劉強已經睡死在床墊上打著呼嚕。他的身體被連續的射精掏空了,整個人癱成一個大字,雞巴軟塌塌地貼在腿根上,龜頭上還沾著乾涸的精斑。
任念卻側躺在床墊另一邊醒著,眼睛睜得很大,瞳孔在黑暗中泛著一層不正常的亮光。藥效還在身體里翻湧,一波一波地從小腹往四肢推。她夾緊雙腿,大腿內側的肌肉繃得發硬,但陰道裡面還是在不停地收縮,穴口往外滲著黏糊糊的液體,把大腿根弄得濕漉漉的一片。

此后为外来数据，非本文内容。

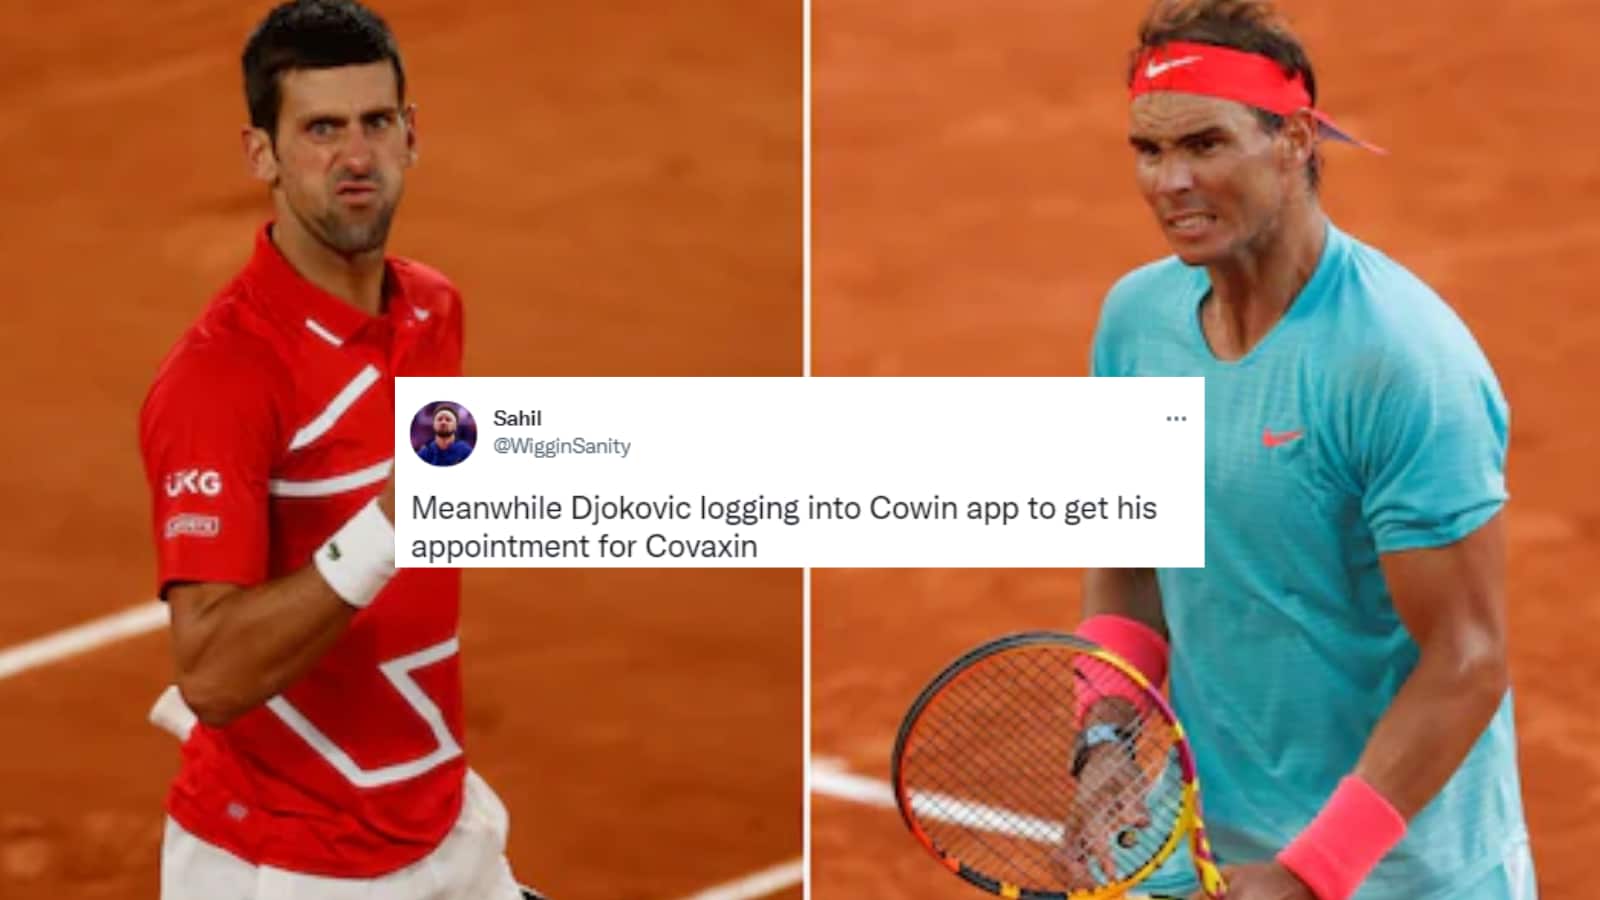 Tennis Fans Take Jabs at Unvaccinated Novak Djokovic as Rafael Nadal Wins Australian Open
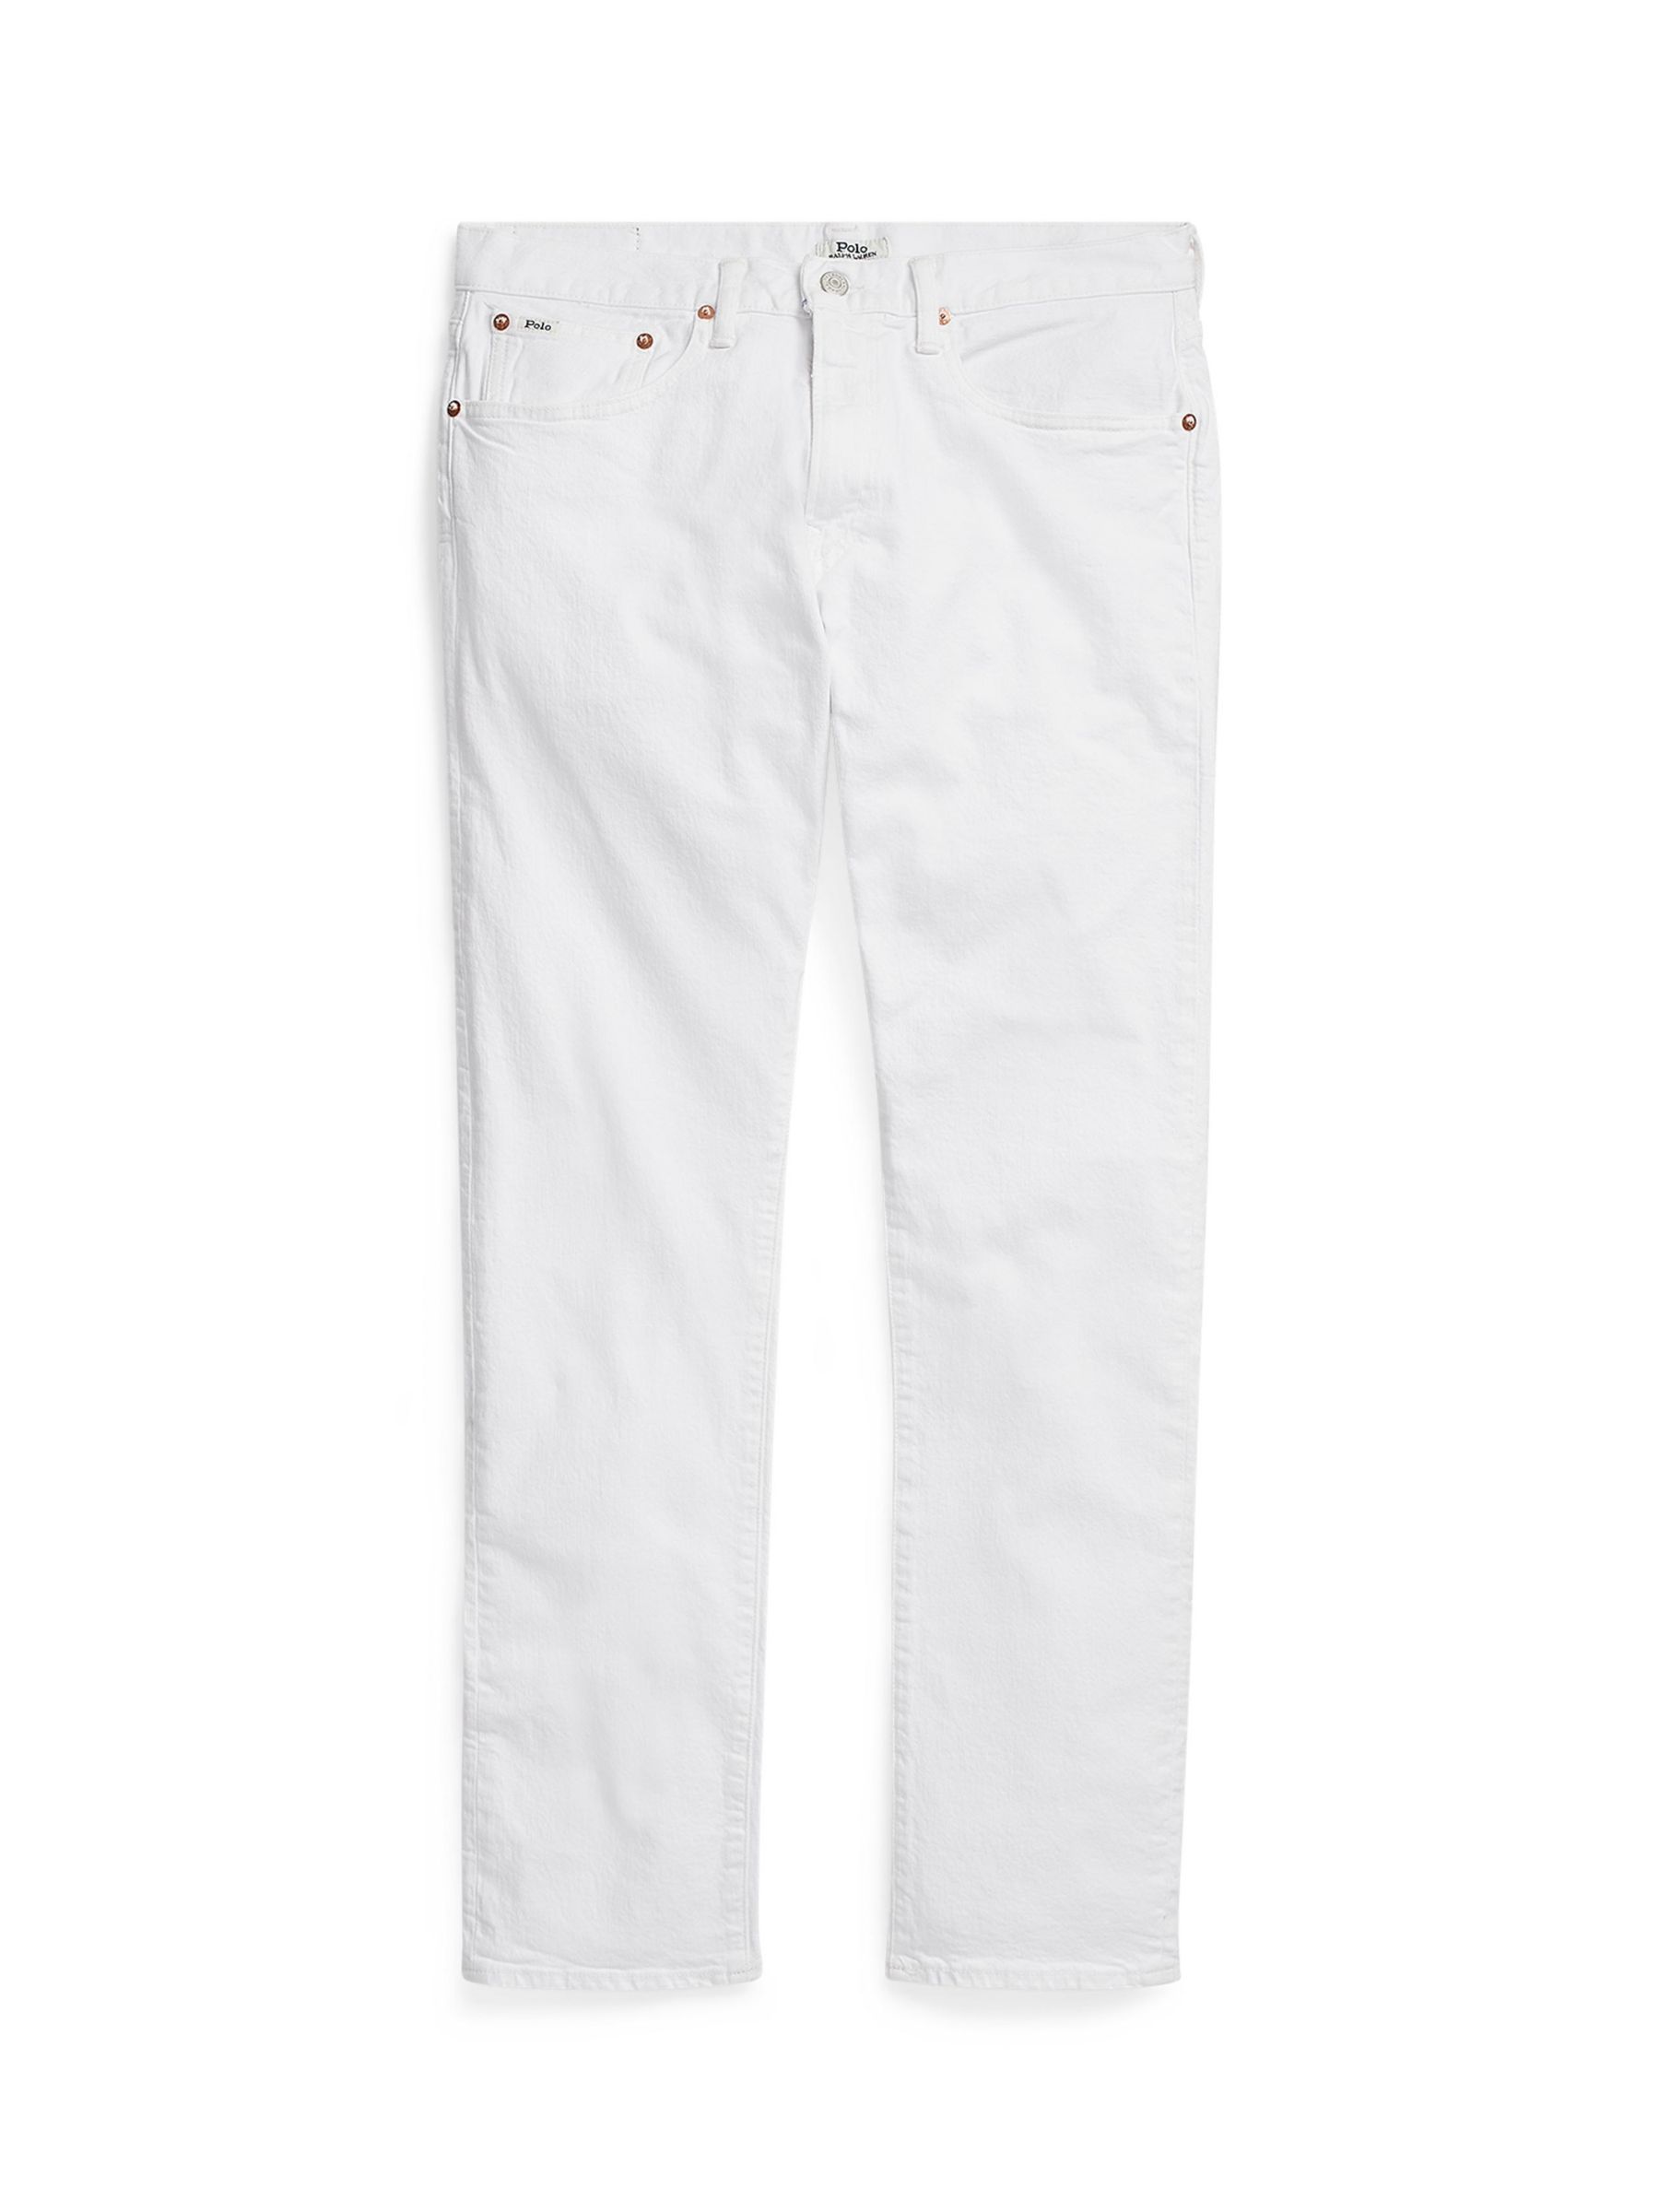 Ralph Lauren Sullivan Slim Stretch Fit Five Pocket Jeans, White, 34R

她已經記不得自己和劉強做了多少次了。三次還是四次,也可能是五次。每次射完之後她都覺得夠了,但過不了十幾分鐘那股癢又會從陰道深處爬出來像螞蟻在肉壁上爬,癢得她蜷起腳趾,癢得她恨不得把整只手塞進去止癢。
現在那股癢又來了。
她翻了個身想壓住它,但翻身的時候大腿內側互相摩擦了一下,那個敏感得要命的地方被蹭到,她差點哼出聲。她咬著下唇,手伸到自己的兩腿中間摸了一把,滿手都是之前幾次灌進去的精液,已經有些涼了,黏糊糊地糊在整個陰部上。她的陰唇被操得有些腫,摸上去比平時厚了一倍,但手蹭過的時候還是爽得她後腰一陣酥麻。
不行。不夠。一根手指根本止不住那個癢。
她轉過臉看著劉強。他睡得像頭死豬,胸口一起一伏,雞巴歪在一邊。她盯著那根軟著的雞巴看了好幾秒,腦子里有一個聲音在說不行,但身體的反應比腦子快,她已經撐起上半身朝劉強那邊挪過去了。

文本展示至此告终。